Potential implications for the CPG industry
- Distribution. In the traditional model, groceries work with wholesalers that specialize in certain products - dairy, meat, produce, frozen and canned goods, and so on. If Amazon's new model works out well, and by coupling its large distribution centers with Whole Foods' brick-and-mortar locations, the middleman distributors could get cut out of the equation altogether.
- Logistics. Getting products from the producer to the consumer in the speedy times they have come to expect today is still a major challenge for grocers. Merging Amazon's large and efficient distribution centers with nearby Whole Foods markets can shorten the SCM lifecycle to get products to the store and potentially offer more sustainable home delivery options for the consumers who prefer.
- Labor. Staffing grocery stores is expensive as the business is extremely labor-intensive. In fact, in 2016 the US Bureau of Labor Statistics reported that there were nearly 2.7 million people working hundreds of capacities across the entire supply chain of the grocery industry. Even though Amazon has claimed that there will be no job reductions as a result of the deal, the company's automated distribution model will inevitably displace workers down the line.

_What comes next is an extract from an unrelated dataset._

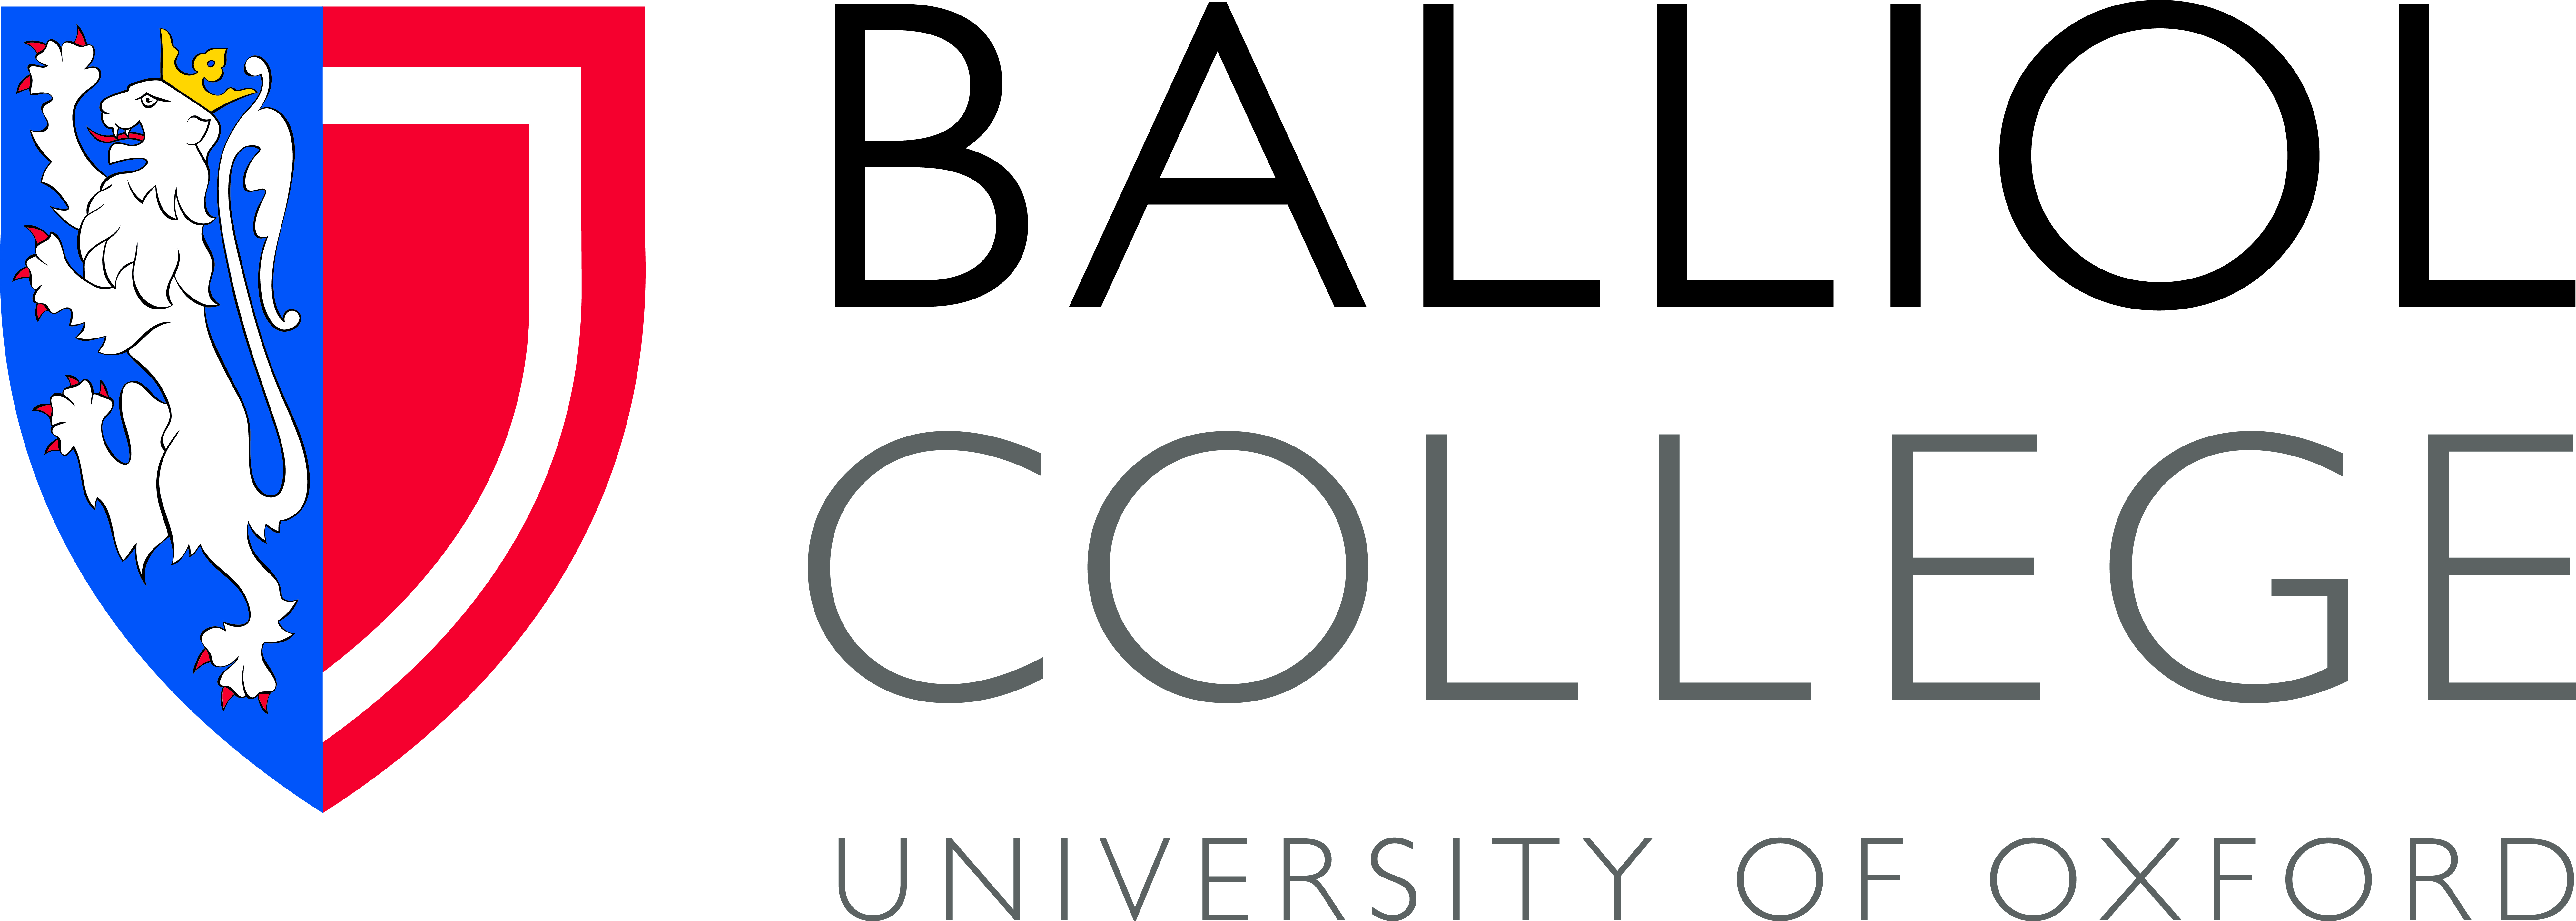 logo for Balliol College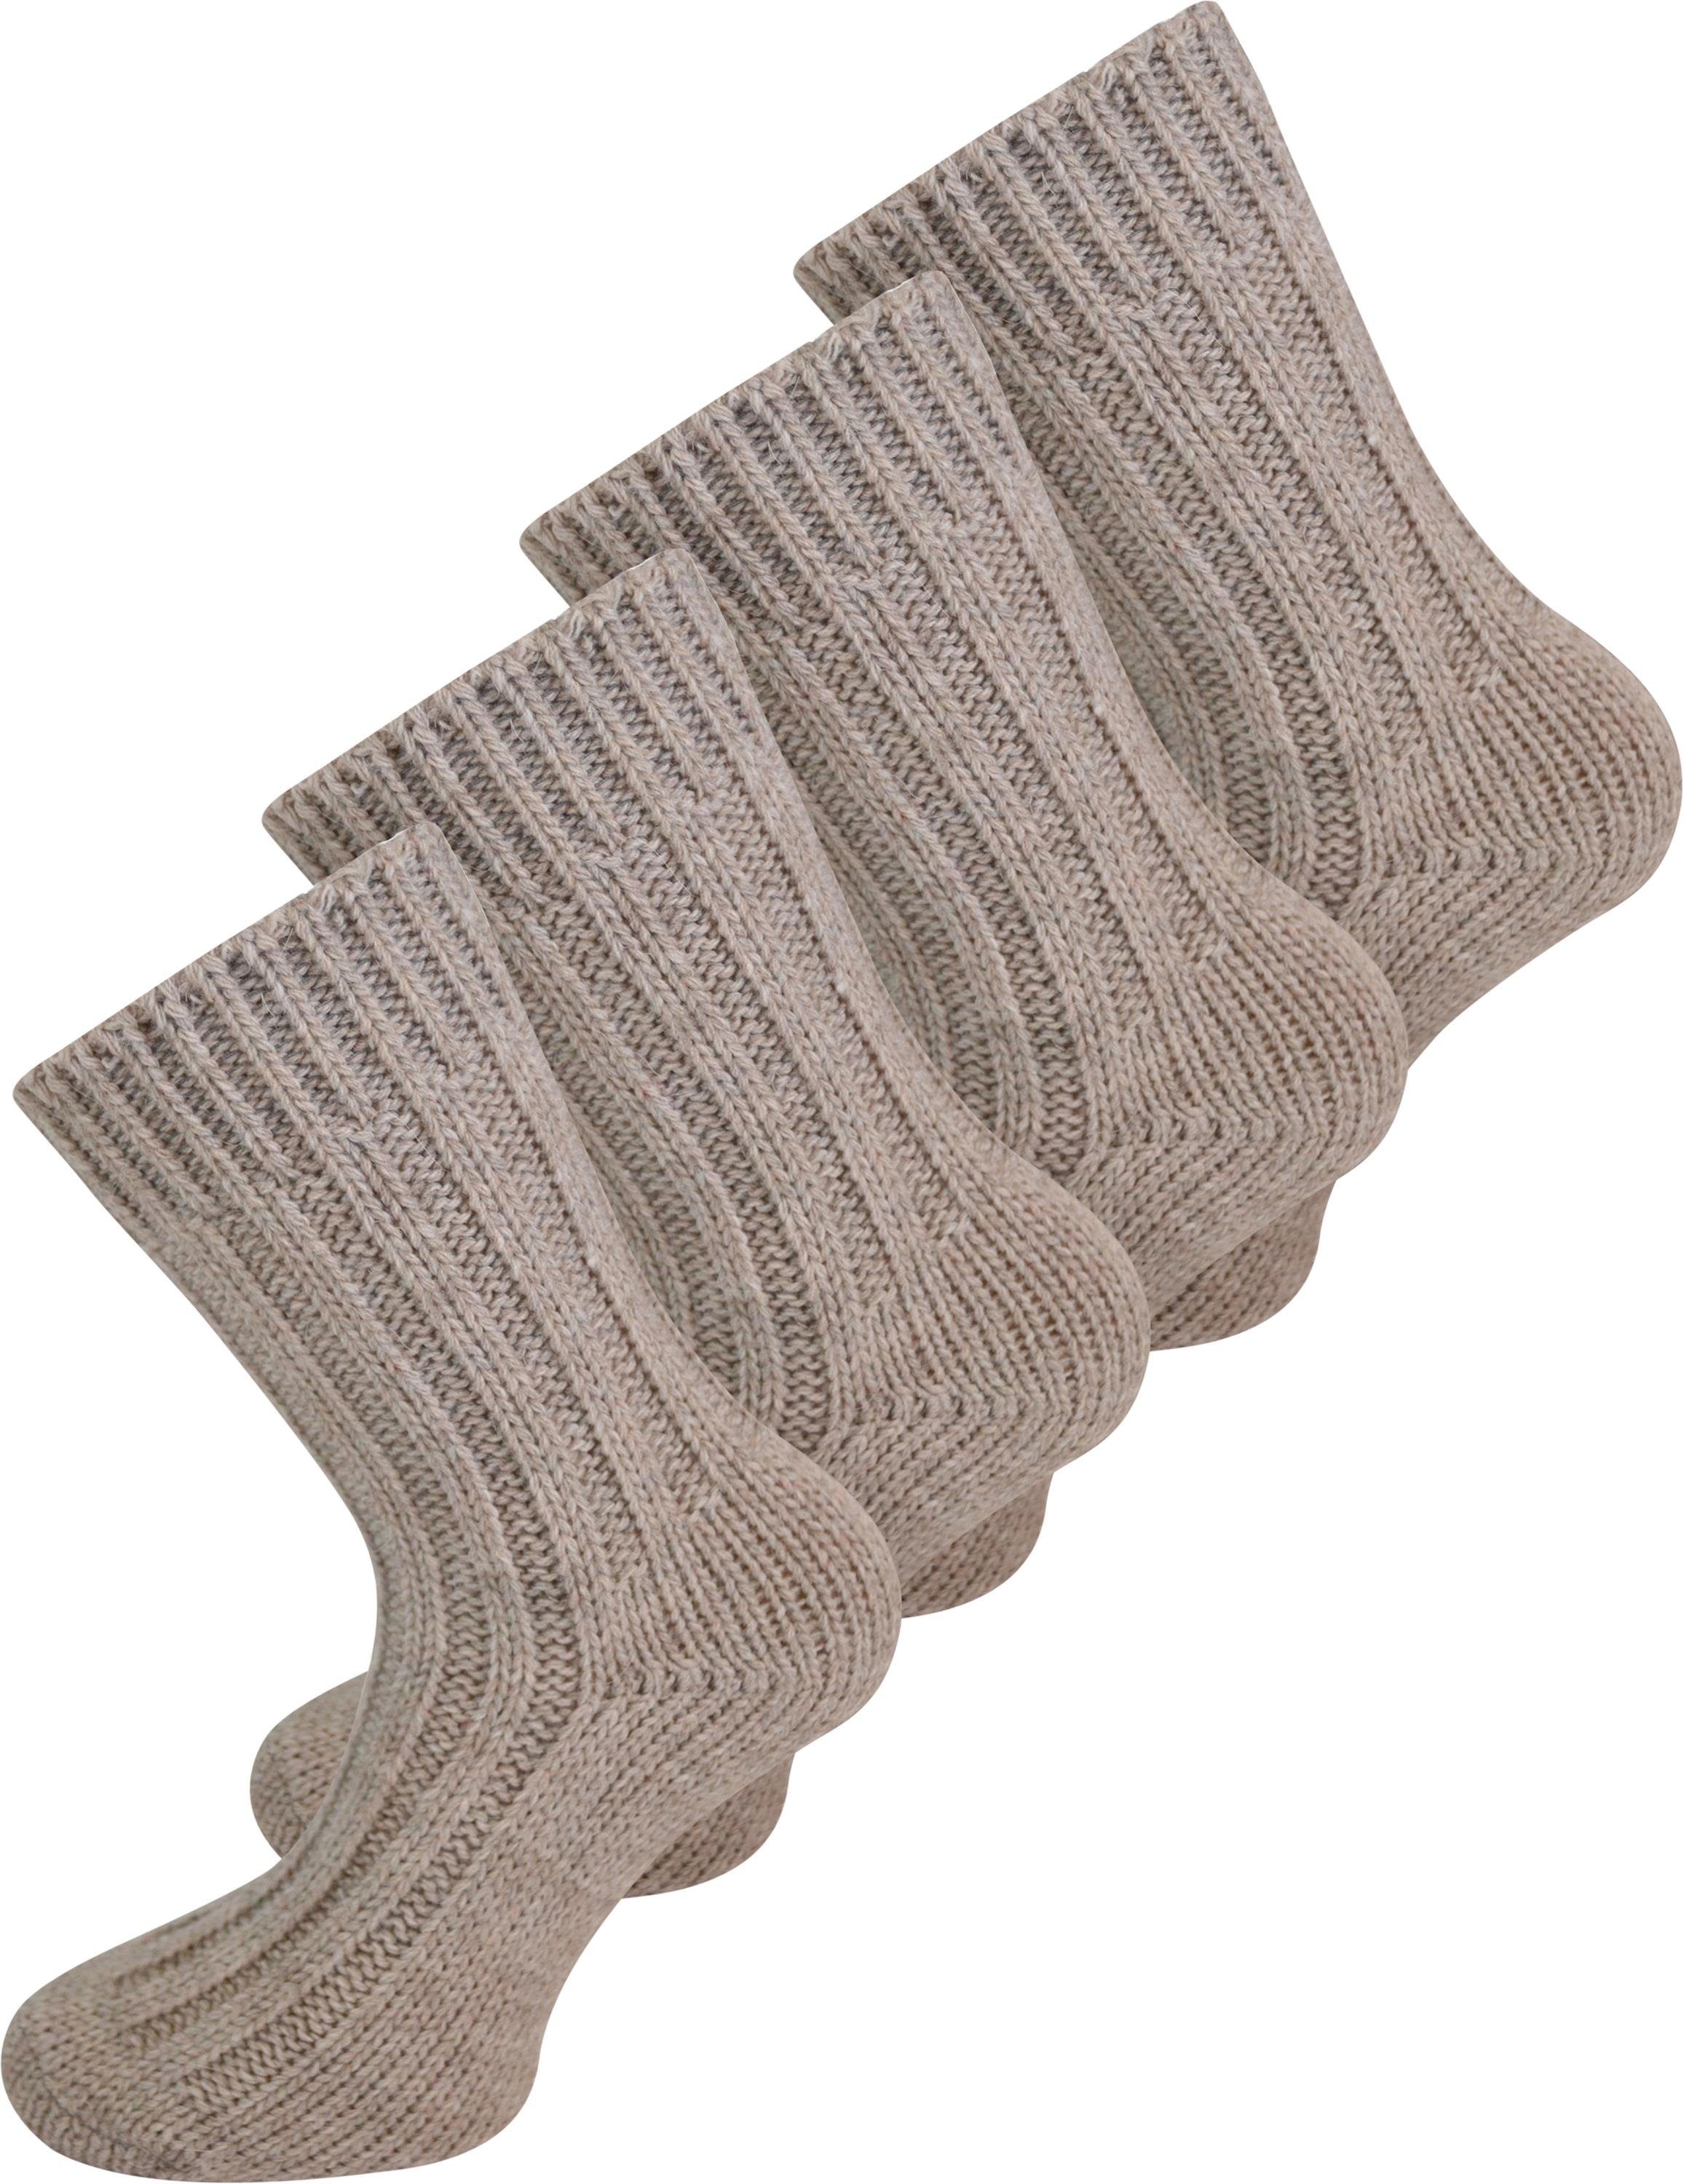 normani Thermosocken 4 Paar Alpaka-Socken (4 Paar) hochwertige Alpaka-Wolle Beige

- Retail experience. While many still want to go into stores to shop for groceries, an increasing number of people are already doing their shopping online from mobile devices. Further, customers fit fairly neatly into two brackets today - those that like the more intimate in-store experience Whole Foods offers, and those that enjoy the big-box warehouse experience at places like Wal-Mart or Costco. By taking over Whole Foods' 460 brick- and-mortar locations and also streamlining the online ordering and delivery process, Amazon is putting itself in a leading position to cater to a wider demographic than its leading competitors.
All said and done, the massive deal - if it goes through - has huge implications for the industry as a whole. With retail bankruptcies currently at levels not seen since the Great Recession of 2008-09, in large part due to Amazon itself, retail executives in the industry simply must be in the business of disruption and innovation to survive in today's omnichannel world.